● What to produce: Leave out the pictures, and retype the remaining data exactly.

● Recorded information:

────────────────────────────────────────

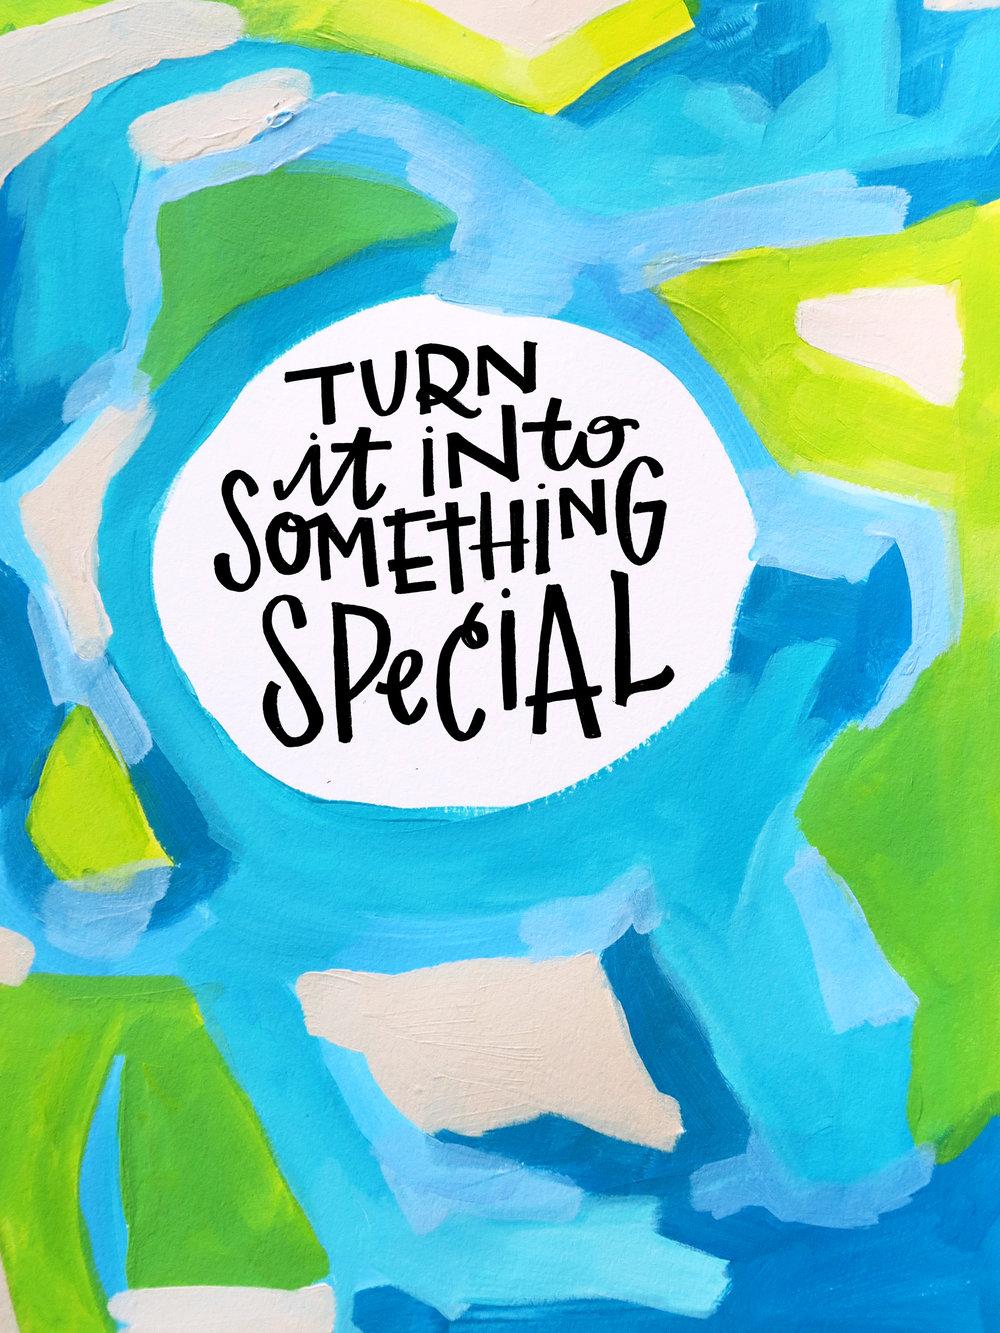 7/3/16: Special
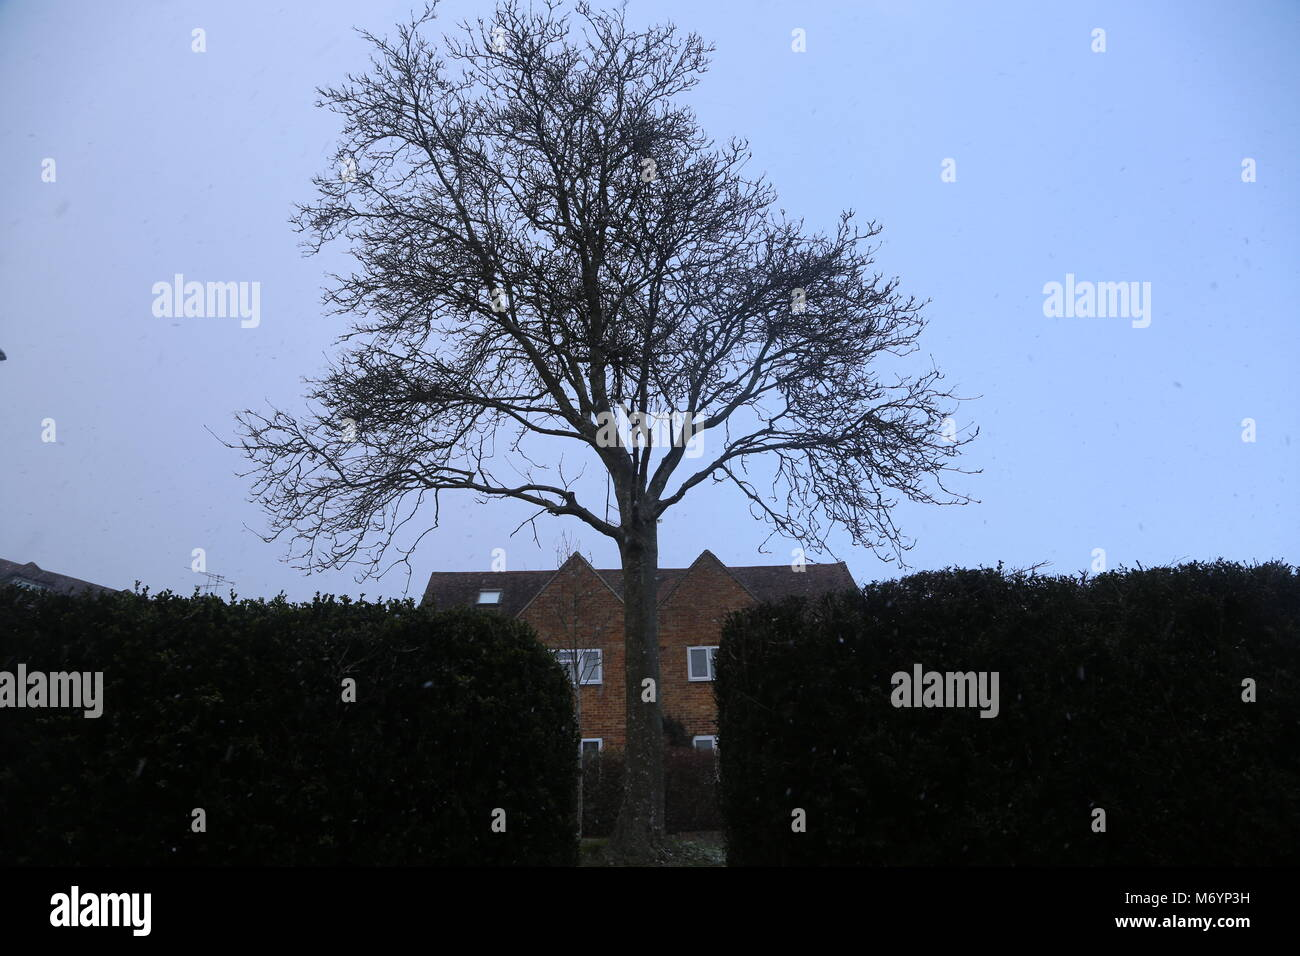 Snowy tree on doorstep - Stock Image
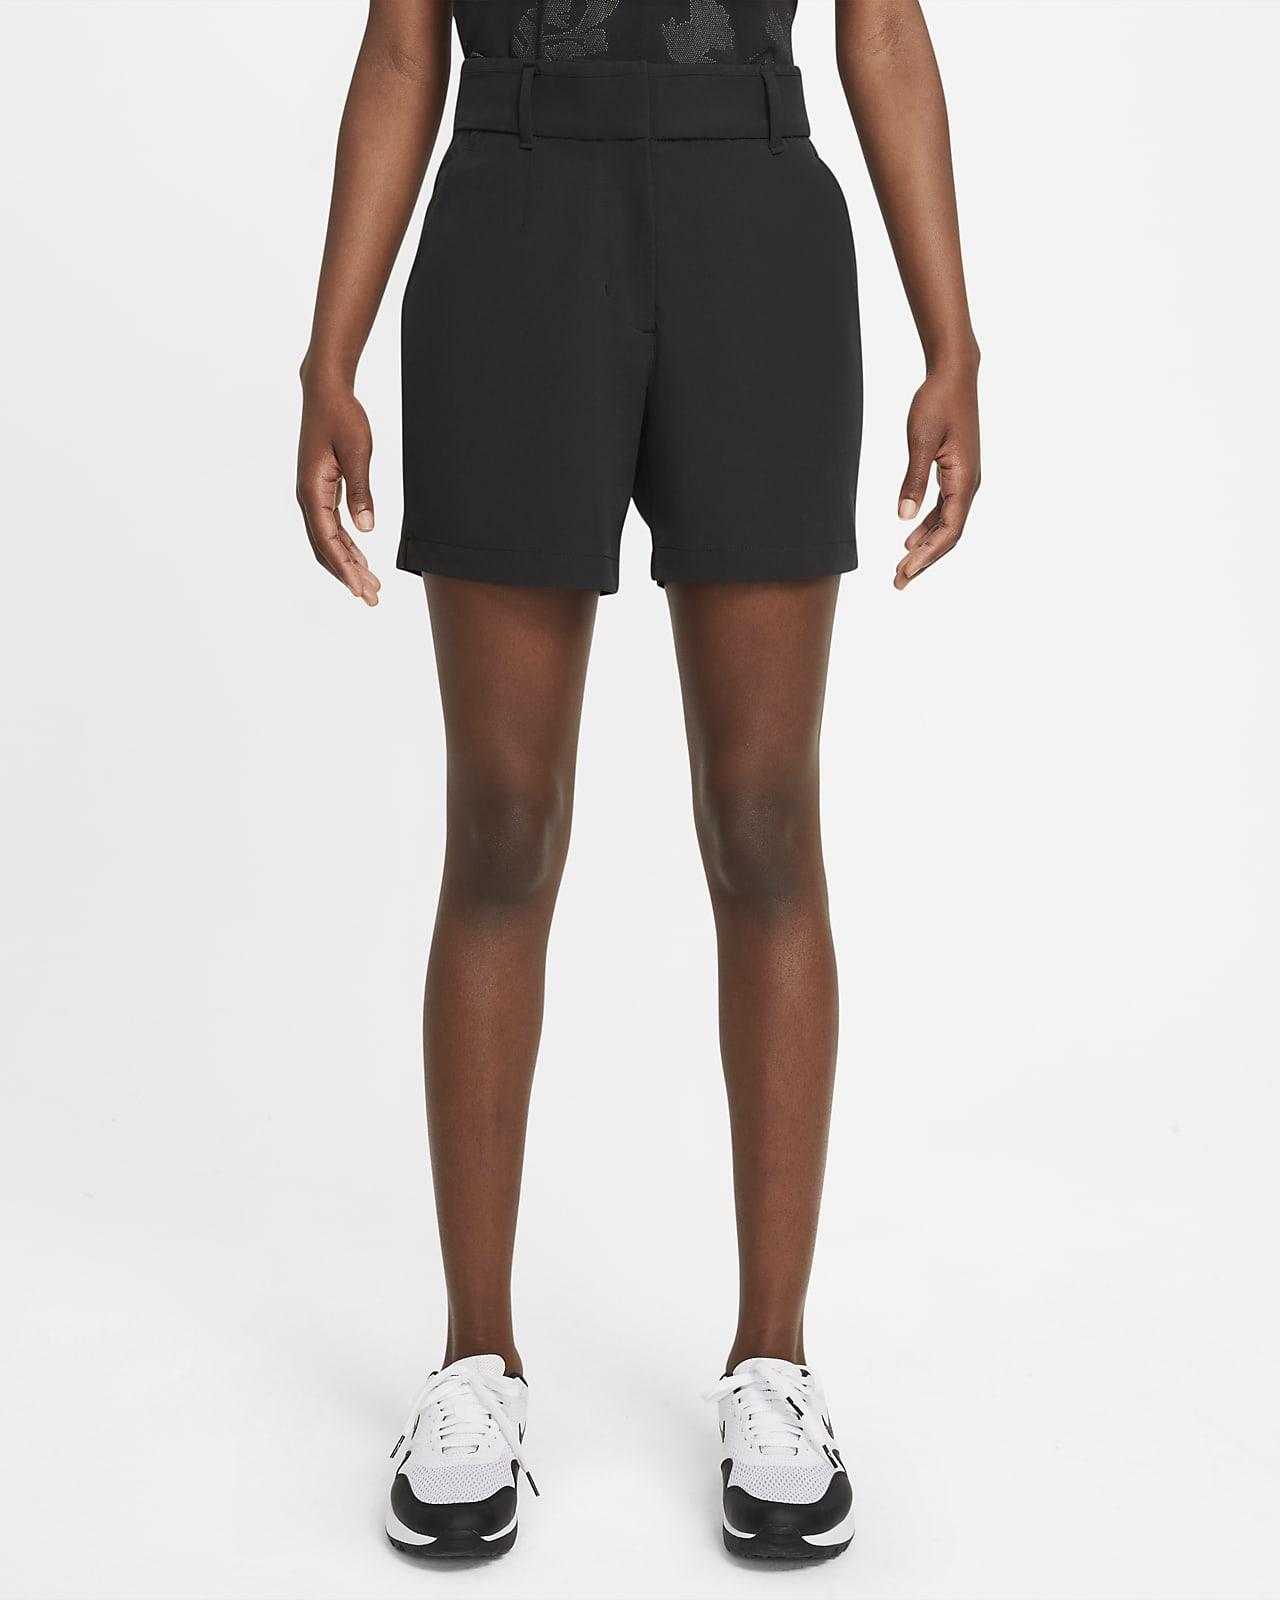 Nike Dri-FIT Victory 13 cm-es női golfrövidnadrág

────────────────────────────────────────

● Response to the exercise:
 7/3/16: Special
 Snowy tree on doorstep - Stock Image
 Nike Dri-FIT Victory 13 cm-es női golfrövidnadrág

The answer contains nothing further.